# Wolf Stick



## MJC4 (Mar 6, 2014)

After several attempts, I have carved what I think is a reasonable facsimile of a little wolf. Its out of the same piece of cherry I made the bear and the owl from. ( I'm getting a lot of mileage out of this chunk).

I had the plain red oak walking stick already finished, so I attached the last of my 1 3/16" ferrules I ordered from Treeline to the top.

After the epoxy sets up on the ferrule I will attach the little wolf and finish the stick.

Hopefully I can finish in the next day or two and post the finished pics.

I've got a nice red maple stick rough sanded and in the works. Not sure where to go with it yet, topper or carving on the stick.

Mark


----------



## Fordj (Jan 8, 2014)

That is looking really good. I can't wait to see it finished.


----------



## MJC4 (Mar 6, 2014)

The Wolf stick is finished.

This stick is a bit shorter than my bear and owl sticks @ 53". The shaft of the stick is oiled with several coats of BLO and rubbed down with 0000 steel wool.
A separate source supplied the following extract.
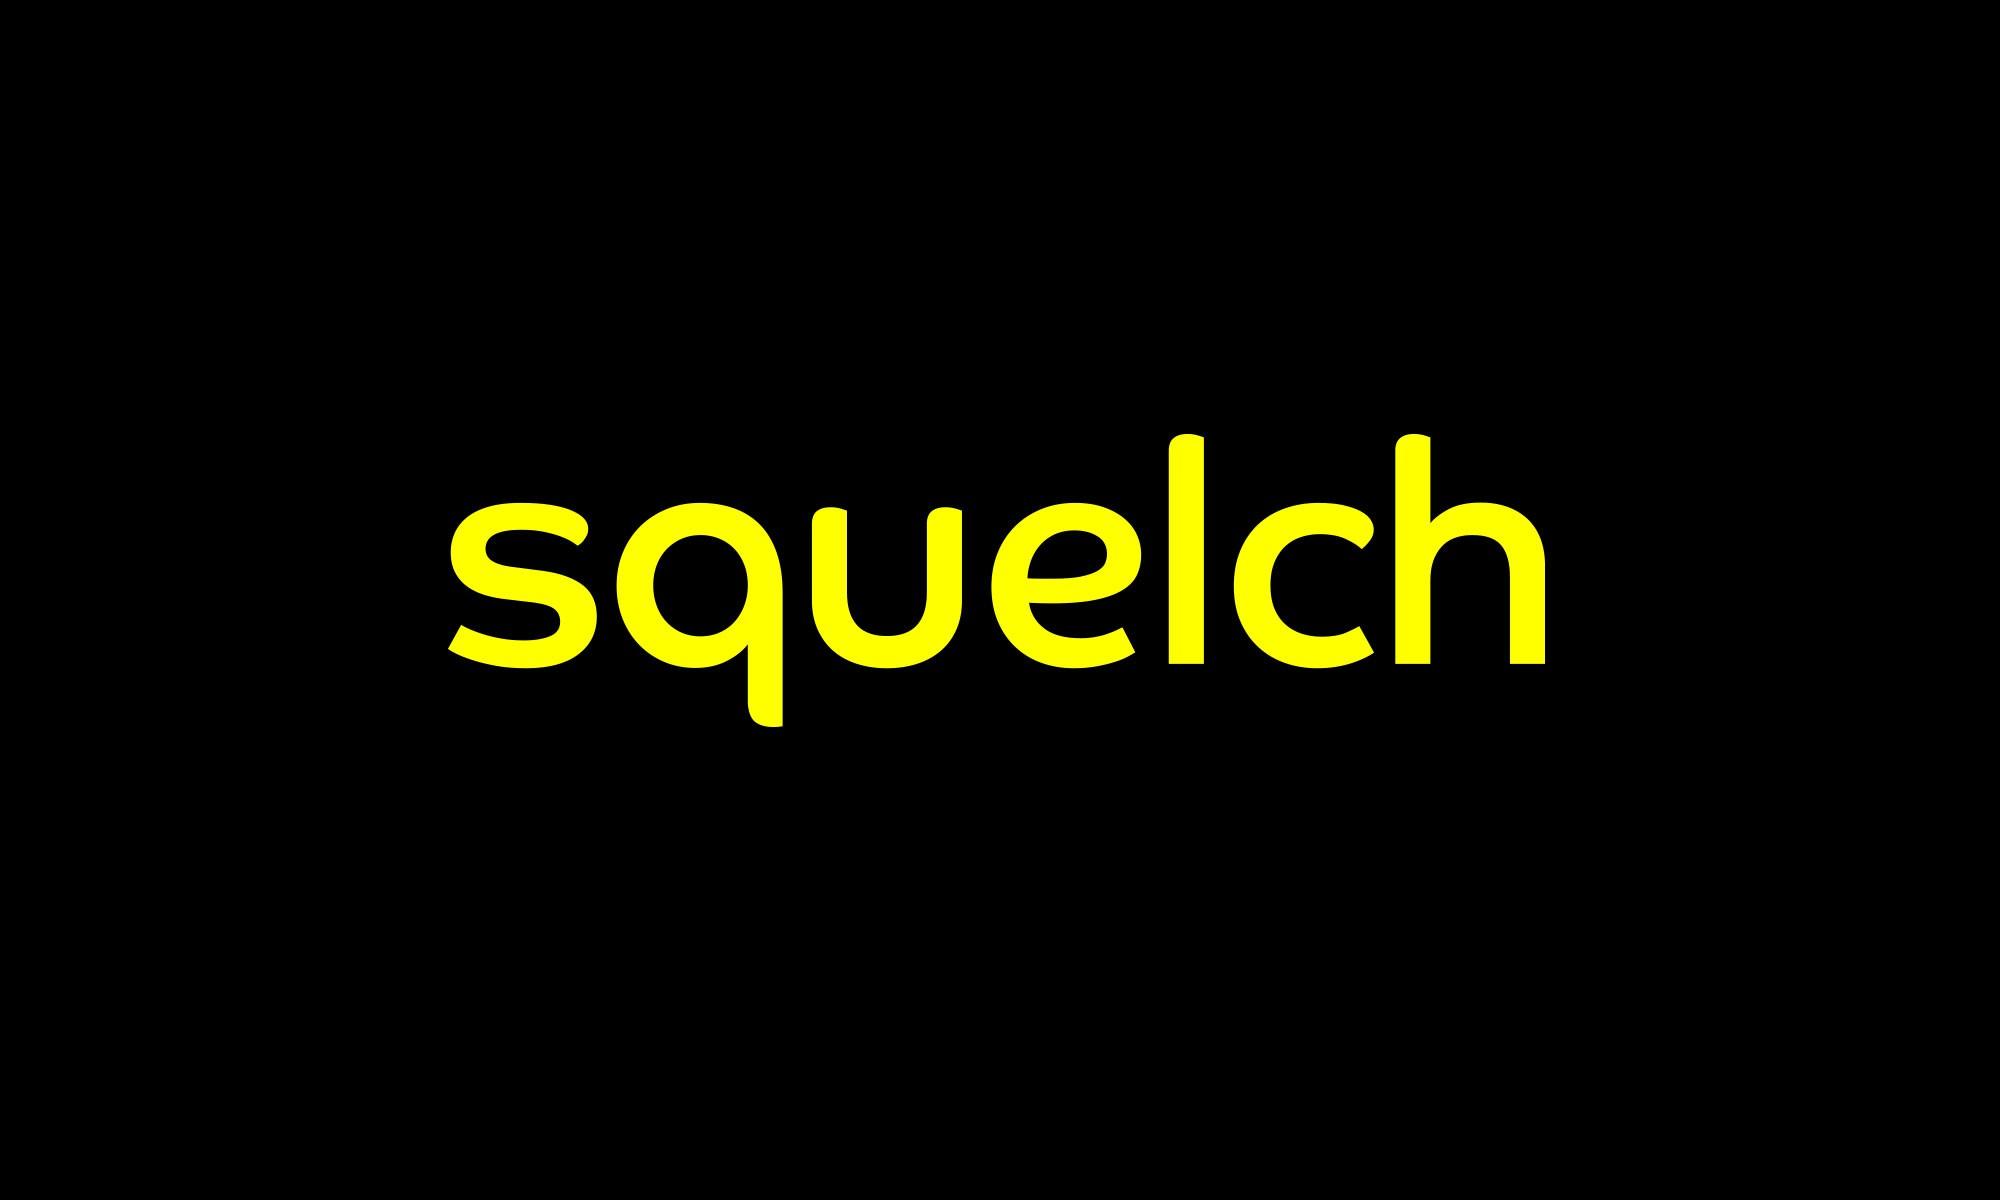 squelch wordmark 2000x1200 User

Then two coats of satin spar poly applied. Even with satin poly I thought it had too much sheen so I rubbed some of the sheen off the poly with steel wool as well. The stick has a woodland camo paracord wrist strap with wooden beads I get @ Hobby Lobby. I always add the beads to the wrist straps I think it dresses them up bit.

I've been walking around the neighborhood with my owl stick, but I think this ones going to be my new favorite!


----------



## Rad (Feb 19, 2013)

I like it! Nice work!


----------



## MJC4 (Mar 6, 2014)

Thanks Rad


----------



## JJireh (Feb 7, 2013)

Very nice, the brass really sets it off.


----------